So we get to this stage, and this is probably the same error as before. stateBag doesn't include isEnabled

So here we should be including isEnabled in our ExampleState I guess?

An example of why - If I need a simple storage interface:

type Storage<TData extends object> = {
  get: () => Promise<TData | undefined>;
  set: (data: TData) => any; 
}

That's all I care about. I don't want to force myself or other devs to extend a class.

sure

Let me look at it and make sure the example has everything for context

I think I haven't understood yet, so I will look some more

Your example above is a little off, one sec

abstract class AbstractStateBag<TState extends object = object> {
  abstract set: (cb: (state: TState) => TState) => void;
}

type ExampleState = { a: string }

const stateBag = {
    set: (cb: (state: ExampleState) => ExampleState) => {}
} satisfies AbstractStateBag<ExampleState>

So you can use satisfies with an abstract class without having to extend it

// Internal state
export type BaseState = {
  isEnabled?: boolean;
};

// User provided state
export type ExtendedState = object;
// Or I could enforce the user has specific properties in here as well
export type State<TExtendedState extends ExtendedState> = BaseState & TExtendedState;

export type BaseContext = object

export type Feature<
  TContext extends BaseContext = BaseContext,
  TExtendedState extends ExtendedState = ExtendedState
> = {
  isEnabled: () => boolean;
  getState: () => StateBag<State<TState>>;
};


export type FeaturesMap = Record<
  string,
  Feature<BaseContext, never>
>;


export type StateBag<TState extends object = object> = {
  set: (cb: (state: TState) => TState) => void;
};

class StateBagConcrete<TState extends object = object> implements StateBag<TState> {
  public set = (cb: (state: TState) => TState) => {}
}

//

type ExampleState = {
  test: number;
};

const stateBag = new StateBagConcrete<ExampleState>()

const feature = {
  isEnabled: () => false,
  getState: () => stateBag,
//                ^^^^^^^^
// Type 'StateBagConcrete<ExampleState>' is not assignable to type 'StateBag<BaseState>'.
//   Types of property 'set' are incompatible.
//     Type '(cb: (state: ExampleState) => ExampleState) => void' is not assignable to type '(cb: (state: BaseState) => BaseState) => void'.
//       Types of parameters 'cb' and 'cb' are incompatible.
//         Types of parameters 'state' and 'state' are incompatible.
//           Type 'ExampleState' has no properties in common with type 'BaseState'.
} satisfies Feature;

But you can't do stuff like import type { AbstractStateBag } from './' because it itself is not a type

You can import just the type

TS creates a type silently when you create a class

Oh, I didn't know that

I was trying to avoid circular imports

Yeah that's why you can do const foo: Feature = new Feature

it has to create a Feature type for that to work

That's interesting.
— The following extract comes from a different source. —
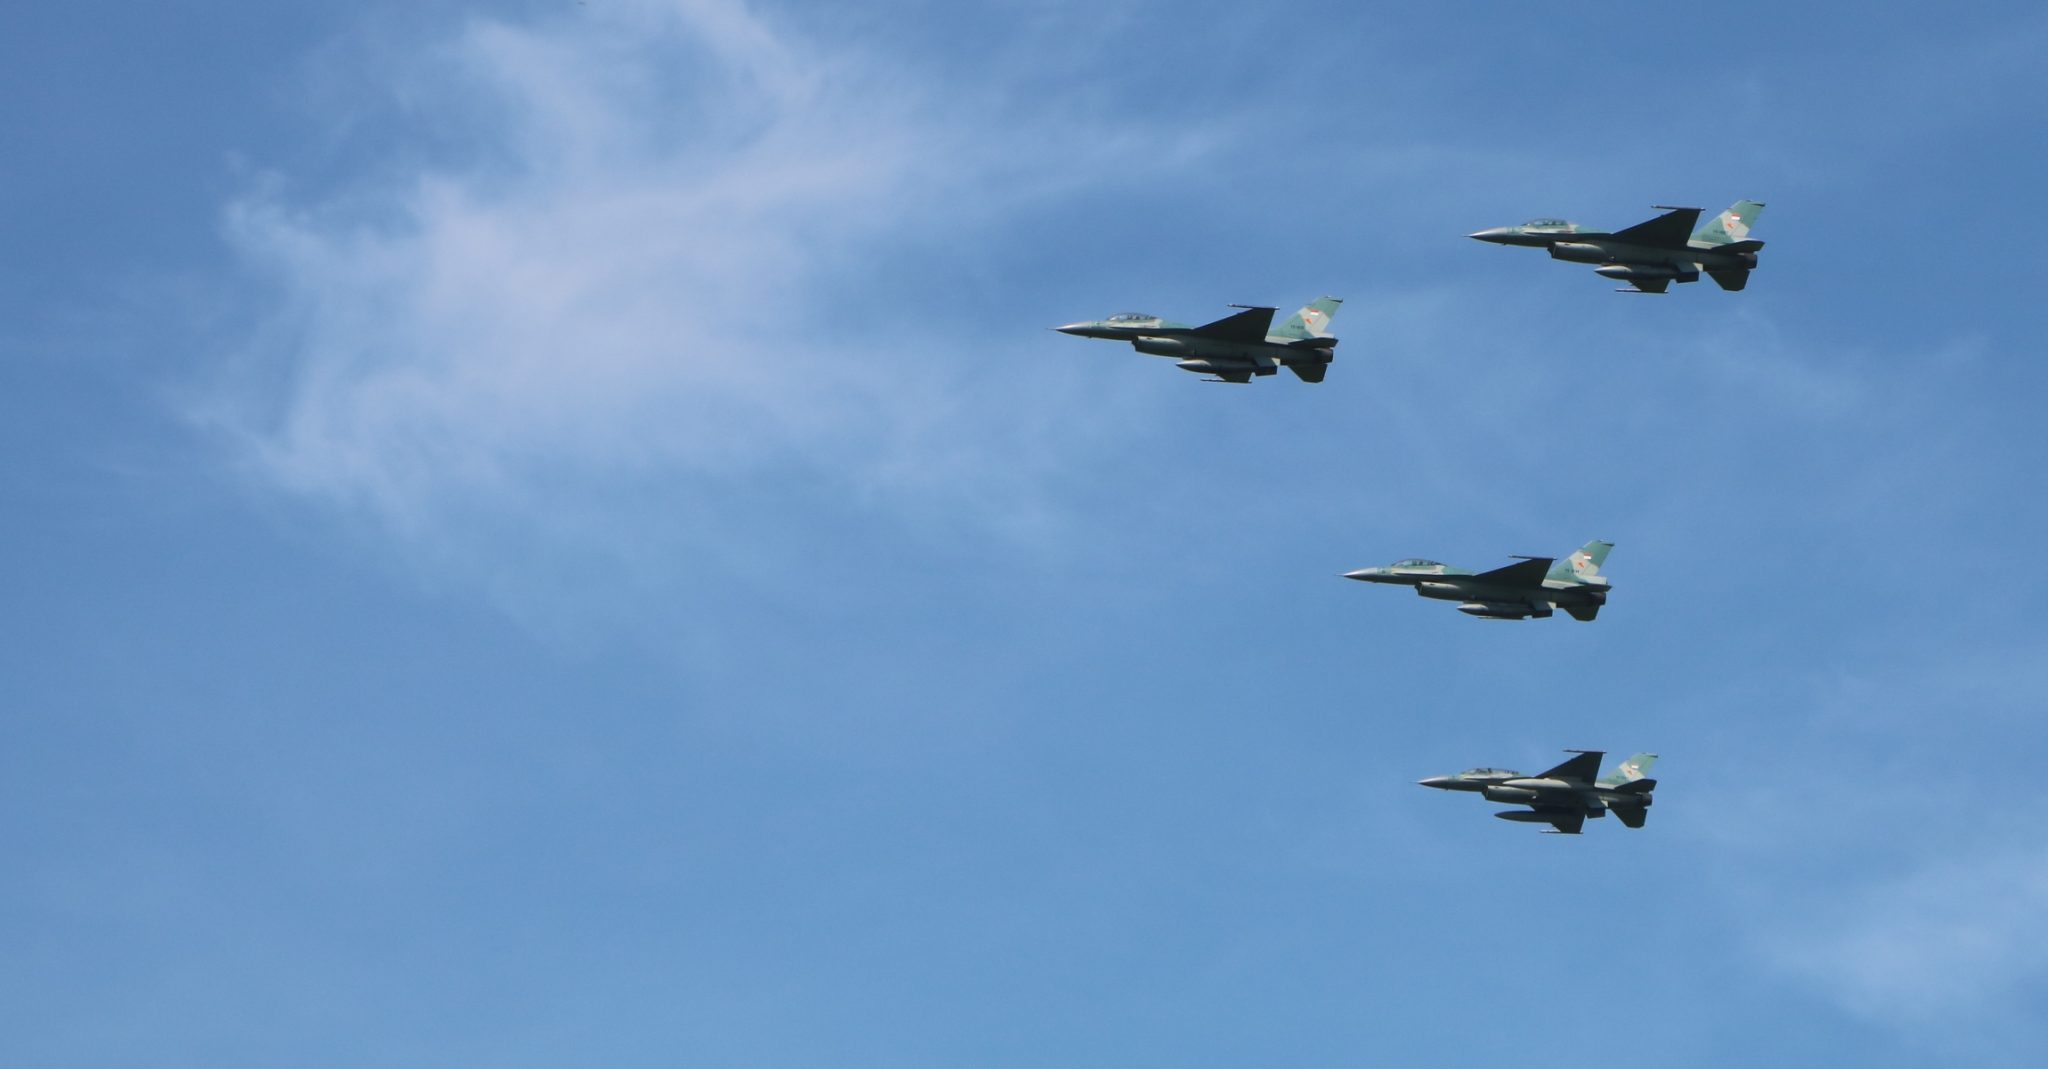 Pesawat F-16 Fighting Falcon Mengudara di Langit Aceh

Idk what made me think you can't do that, but it makes sense.

OK so here

export type Feature<
  TContext extends BaseContext = BaseContext,
  TExtendedState extends ExtendedState = ExtendedState
> = {
  isEnabled: () => boolean;
  getState: () => StateBag<State<TExtendedState>>;
};

We are actually not using StateBag as an arg, it is just a return value? So it's has normal variance?

Yea, that is just a getting for the state instance, which has the problematic cb method on it

Right so the callback is in the statebag

Yup

Might be an any job

Because our ExampleState appears in both a receiving position and a sending position

Your FeaturesMap type is wrong in there

the only way we can make the types match up in both positions is to specify an exact type

I still only partially can wrap my head around the directionality of data concept. I follow it until we get deeper into the code, then I lose it

Do you understand this?

What's weird is that I don't feel like my need/use case here is complicated at all, but I feel like we're fighting the compiler an awful lot just to say I need a setter cb lol

It's not weird. Basically you will either need an exact type, or you'll need to use any to be flexible

Not really, I started getting like 10% lost on that one

So this is pretty simple

If we have an array: (string | number)[]

Give me a sec to write it

const array: (string | number)[] = [1, 2, 'foo', 'bar']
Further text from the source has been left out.